Inhibition of the LSD1 (KDM1A) demethylase reactivates the all-trans-retinoic acid differentiation pathway in acute myeloid leukemia [Illumina HumanHT-12 gene expression array]. Homo sapiens

All-trans-retinoic acid (ATRA) has been successfully used in therapy of acute promyelocytic leukemia (APL), a cytogenetically distinct subtype of acute myeloid leukemia (AML) but the response of non-APL AML cases to ATRA-based treatment has been poor. Here we show that, via epigenetic reprogramming, inhibitors of LSD1/KDM1 demethylase including tranylcypromine (TCP) unlocked the ATRA-driven therapeutic response in non-APL AML. LSD1 inhibition did not lead to an increase in genome-wide H3 lysine4 dimethylation (H3K4me2) but did increase H3K4me2 and expression of myeloid differentiation-associated genes. Importantly, treatment with ATRA plus TCP dramatically diminished engraftment of primary human AML cells in vivo in NOD.SCID mice, suggesting that ATRA in combination with TCP may target leukemia-initiating cells. Furthermore, initiation of ATRA plus TCP co-treatment 15 days post-engraftment of human AML cells in NOD.SCID gamma mice also revealed the ATRA plus TCP drug combination to have a potent anti-leukemic effect, which was superior to treatment with either drug alone. These data identify LSD1 as a therapeutic target and strongly suggest that it may contribute to AML pathogenesis by inhibiting the normal pro-differentiative function of ATRA, paving the way for novel combinatorial therapies of AML. Overall design: Overall, 30 specimens derived from HL-60 or TEX cell line were treated with drugs and hybridized to Illumina HumanHT-12 gene expression arrays.

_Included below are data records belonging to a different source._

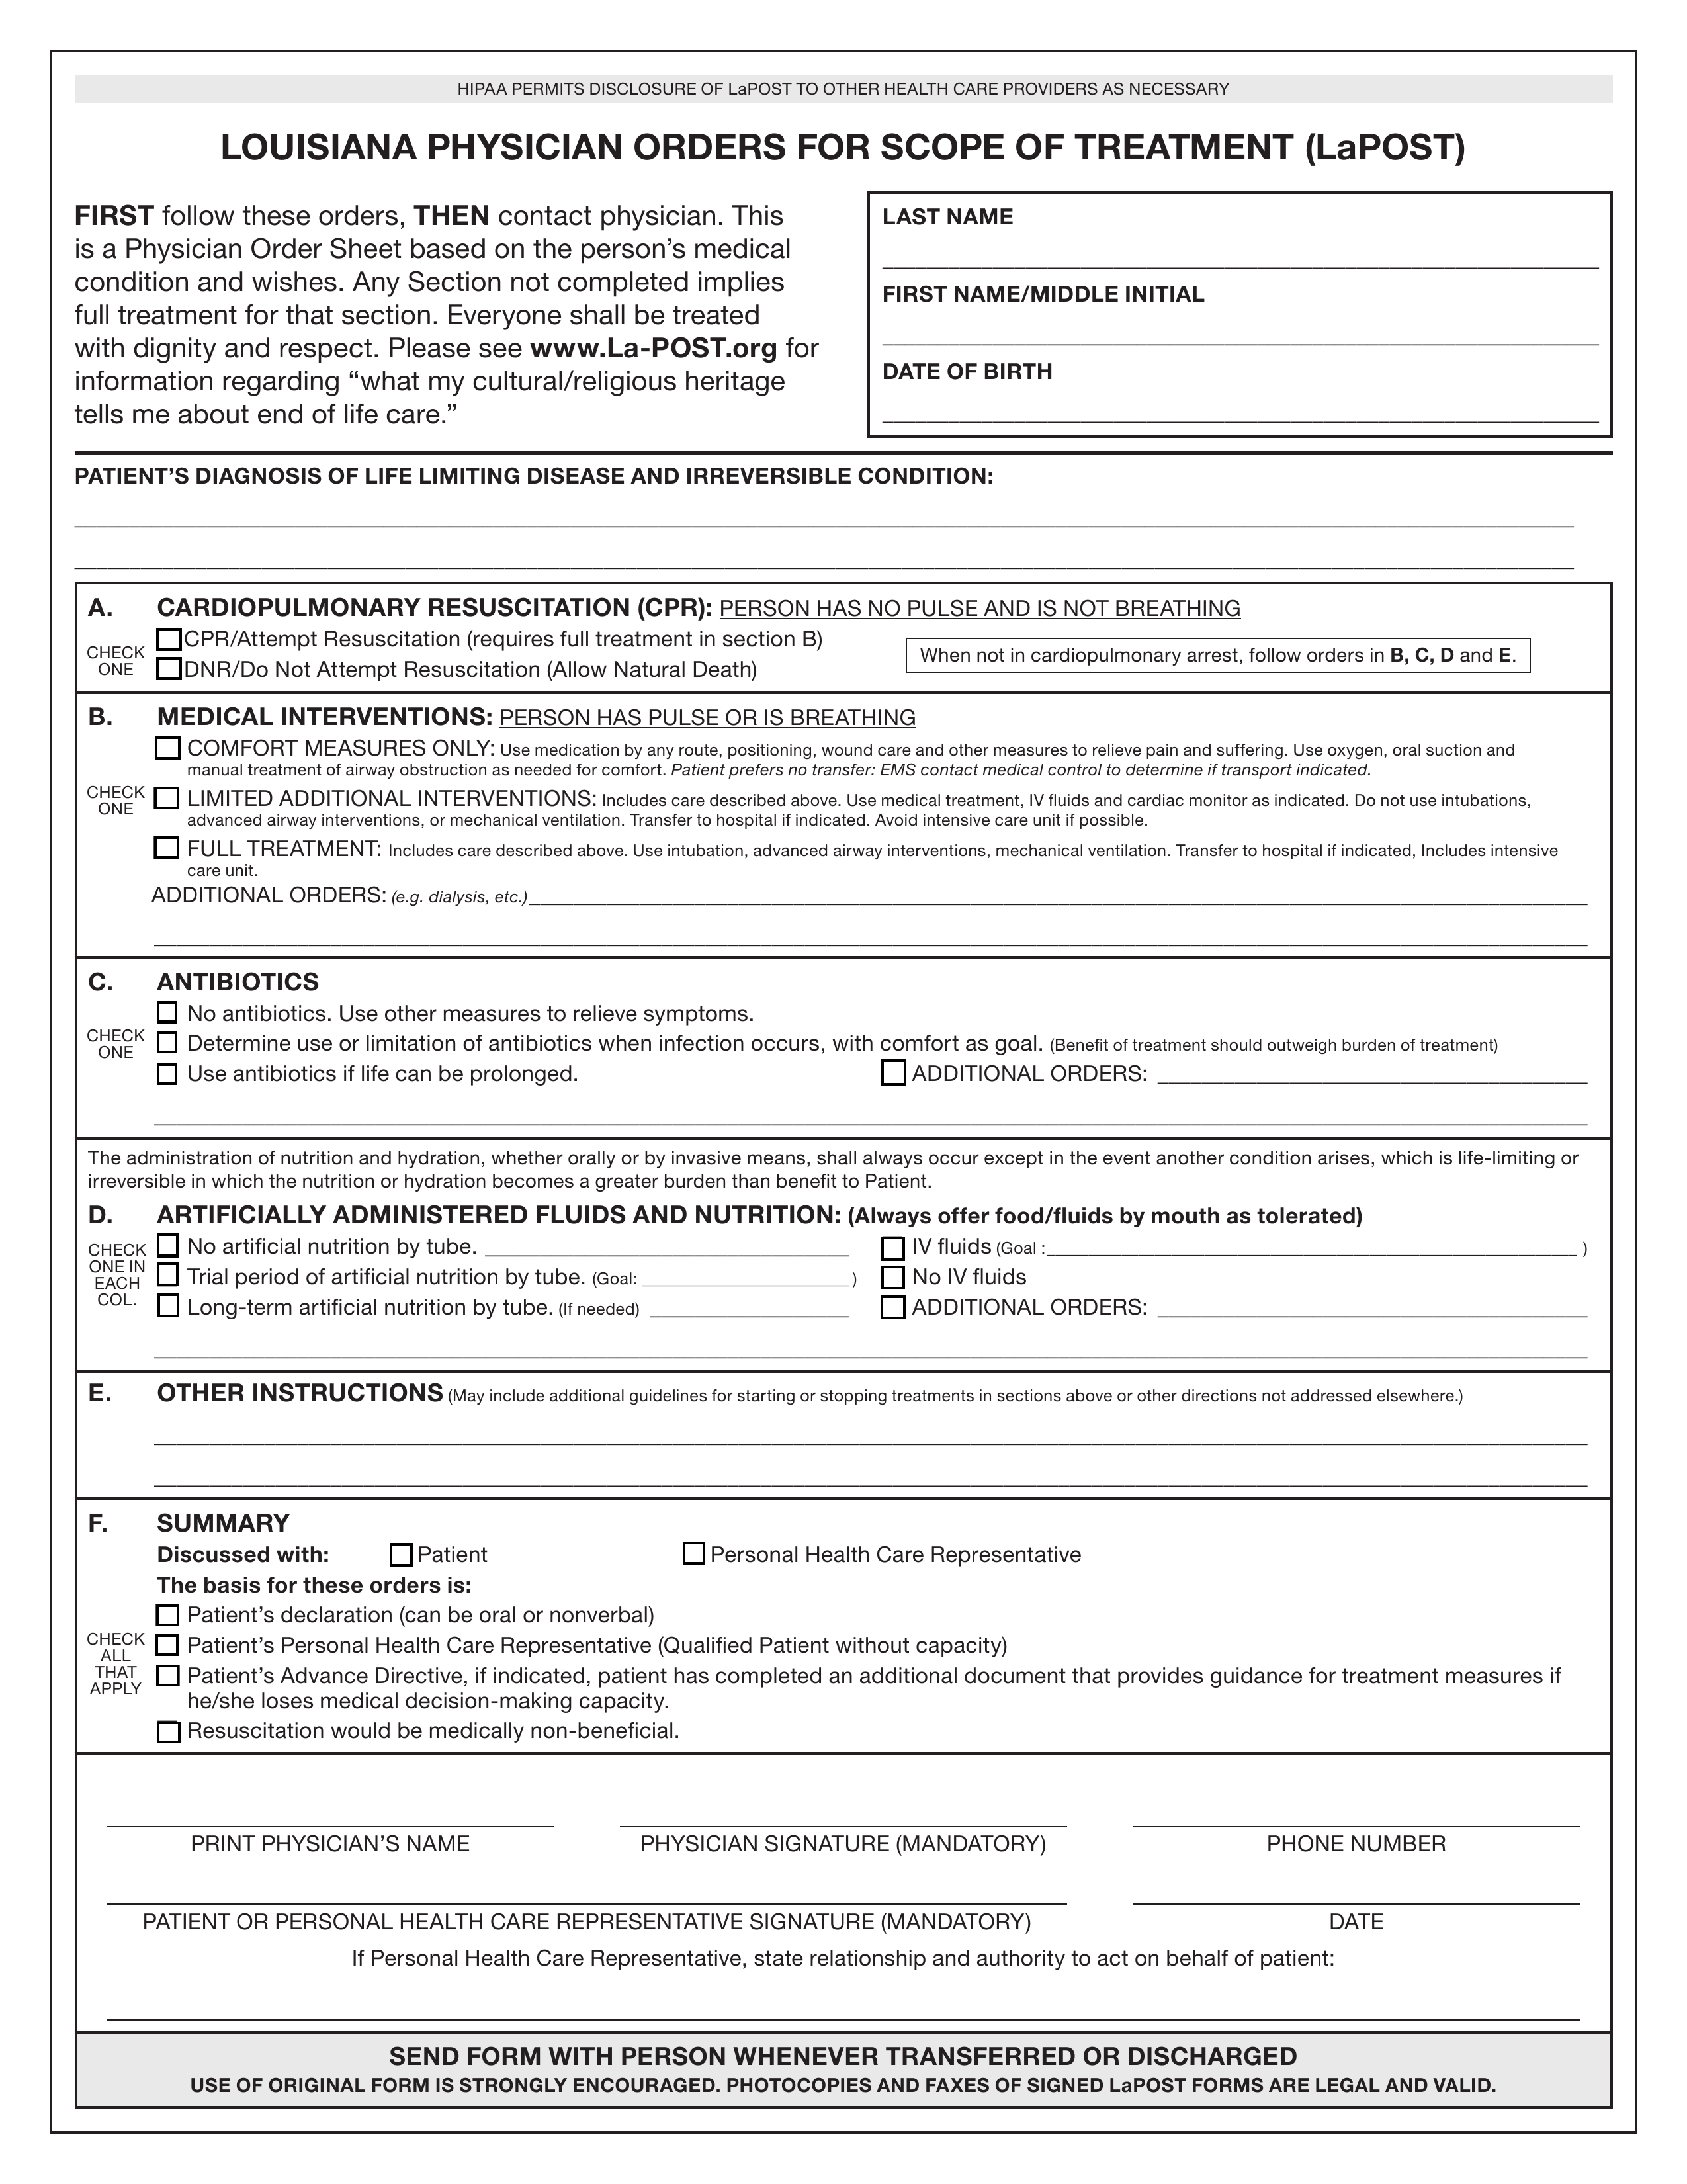 Louisiana Do Not Resuscitate (DNR) Order Form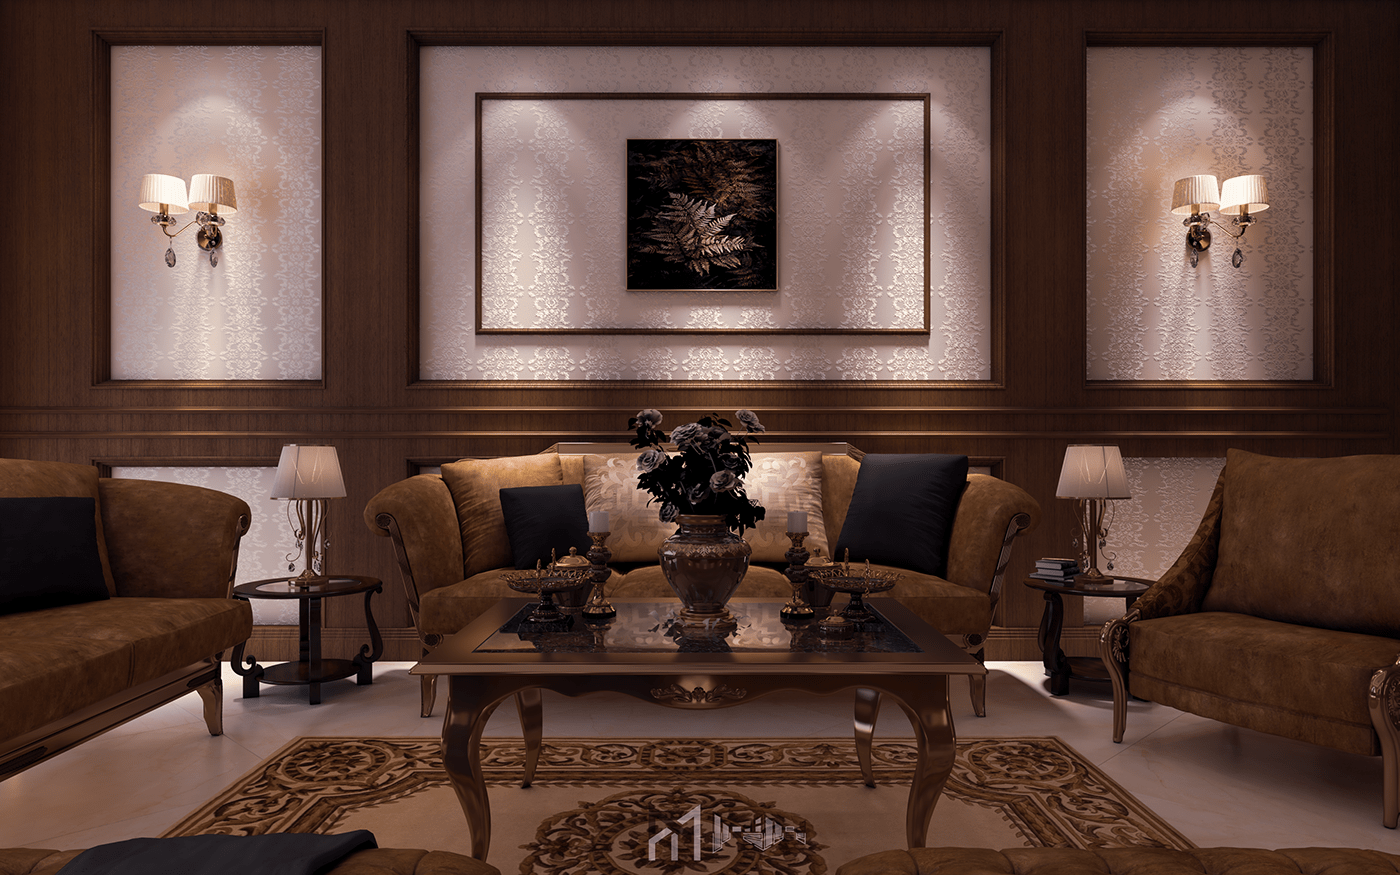 Classic decor decorative design Interior NEWCLASSIC reception visualization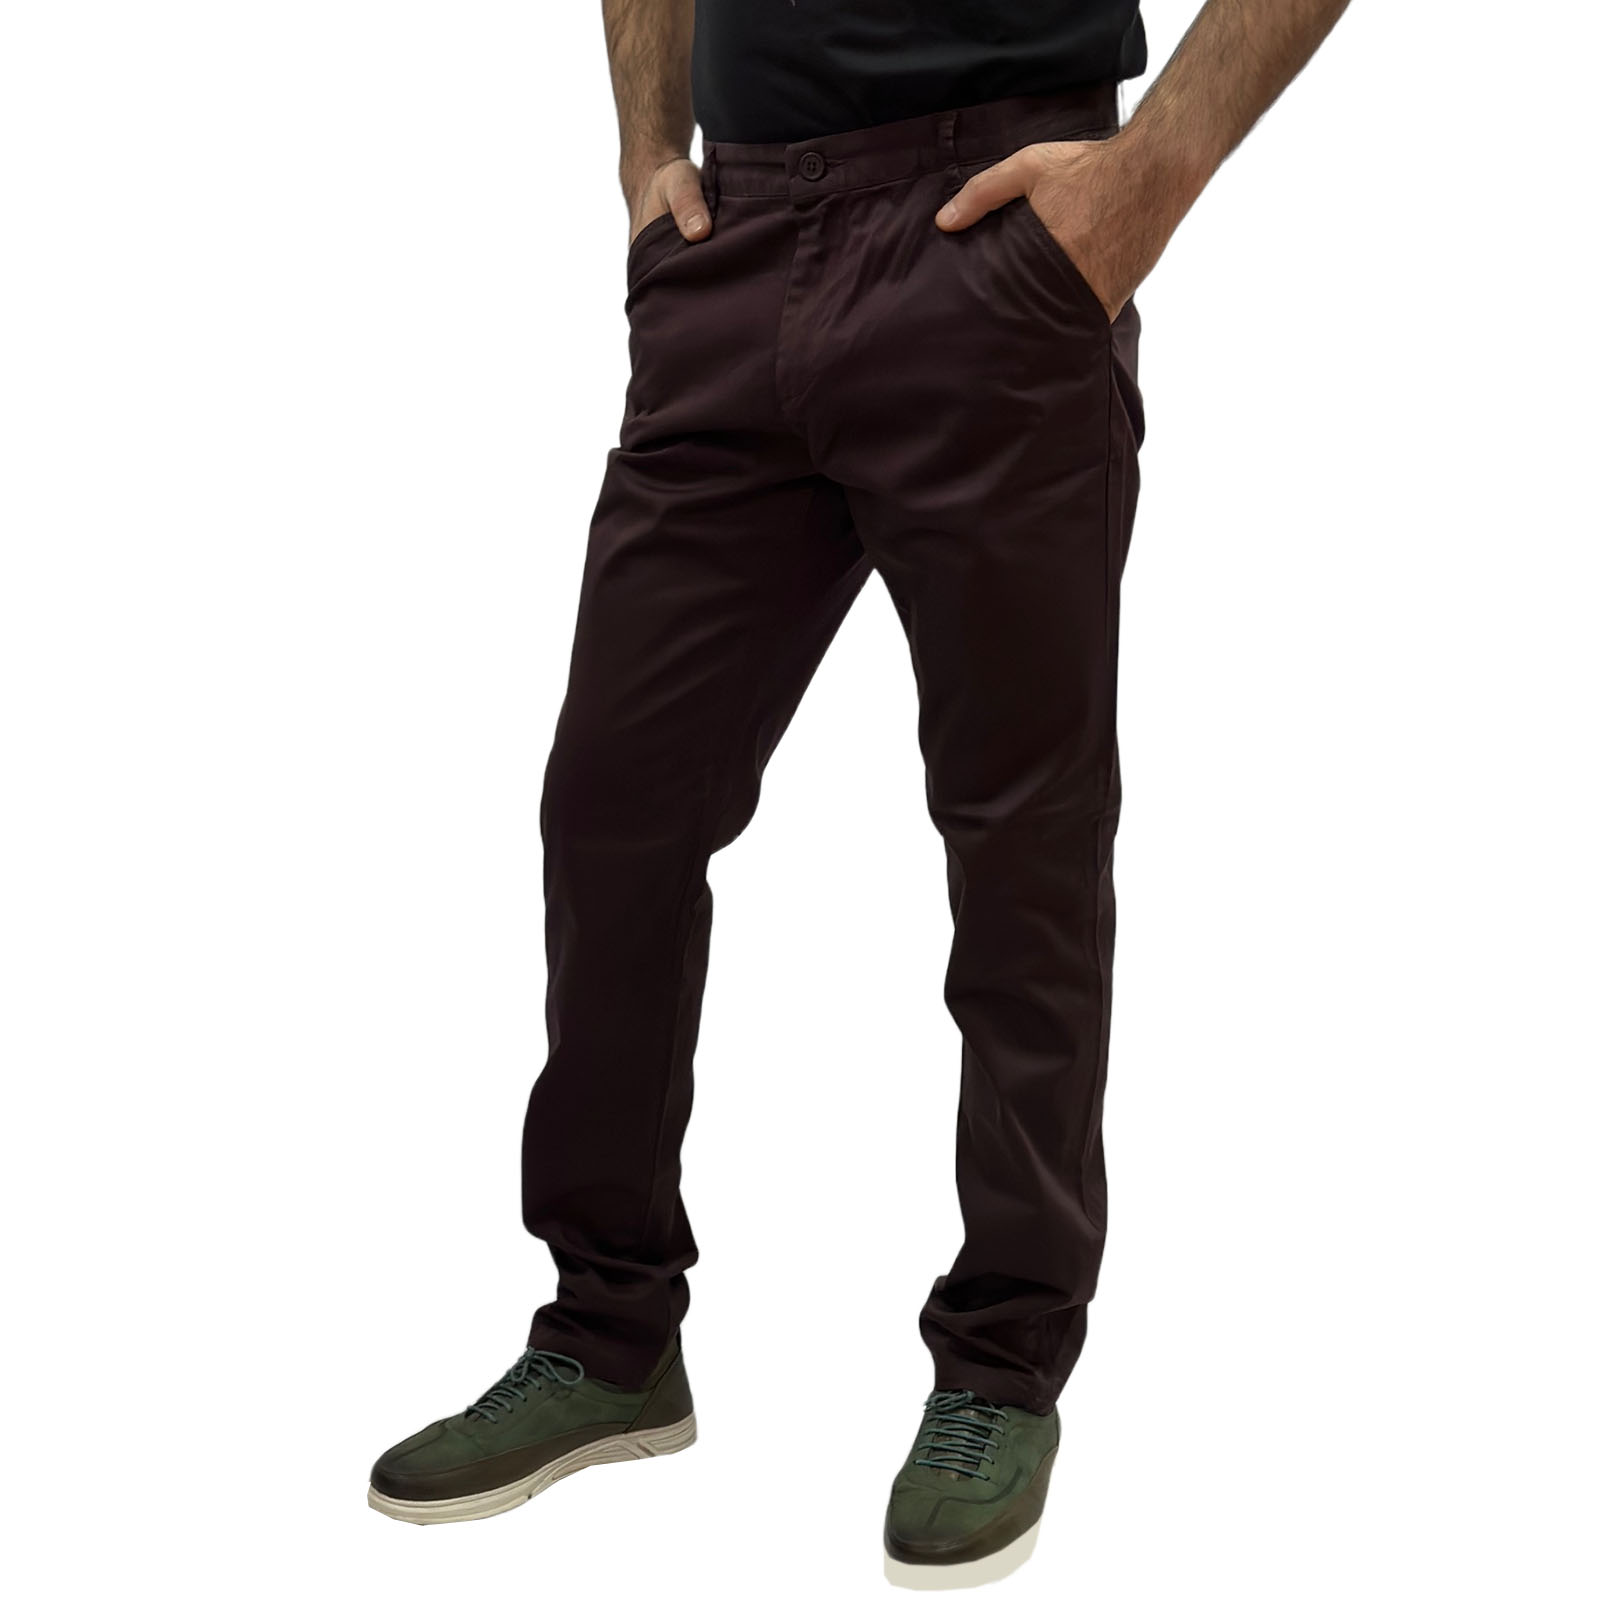 Тёмно-бордовые мужские брюки от Connor - изготовлены из хлопка 98% с добавлением эластана 2% №18

全反式维甲酸（All-trans-retinoic acid, ATRA）已成功应用于急性早幼粒细胞白血病（acute promyelocytic leukemia, APL）的治疗——后者是一类具有独特细胞遗传学特征的急性髓系白血病（acute myeloid leukemia, AML）亚型，但非APL型AML患者对以ATRA为基础的治疗应答不佳。本研究表明，通过表观遗传重编程，LSD1/KDM1去甲基化酶抑制剂（包括反苯环丙胺（tranylcypromine, TCP)）可在非APL型AML中恢复ATRA驱动的治疗应答。LSD1抑制并未引发全基因组范围内组蛋白H3赖氨酸4二甲基化（H3 lysine4 dimethylation, H3K4me2）水平升高，却可提升髓系分化相关基因的H3K4me2修饰水平与表达量。值得注意的是，ATRA联合TCP治疗可显著降低NOD.SCID小鼠（NOD.SCID mice）体内原代人AML细胞的定植能力，提示ATRA与TCP联合疗法或可靶向白血病起始细胞。此外，在人AML细胞植入NOD.SCID伽马小鼠（NOD.SCID gamma mice）后的15天启动ATRA联合TCP治疗，同样证实该联合疗法具有强效的抗白血病作用，其效果优于任一单一药物治疗。上述数据确认LSD1可作为治疗靶点，并强烈提示LSD1或通过抑制ATRA正常的促分化功能参与AML的发病机制，为AML的新型联合治疗方案开辟了新路径。 整体实验设计：本研究共纳入30份来源于HL-60或TEX细胞系的标本，经药物处理后，采用Illumina HumanHT-12基因表达芯片进行杂交检测。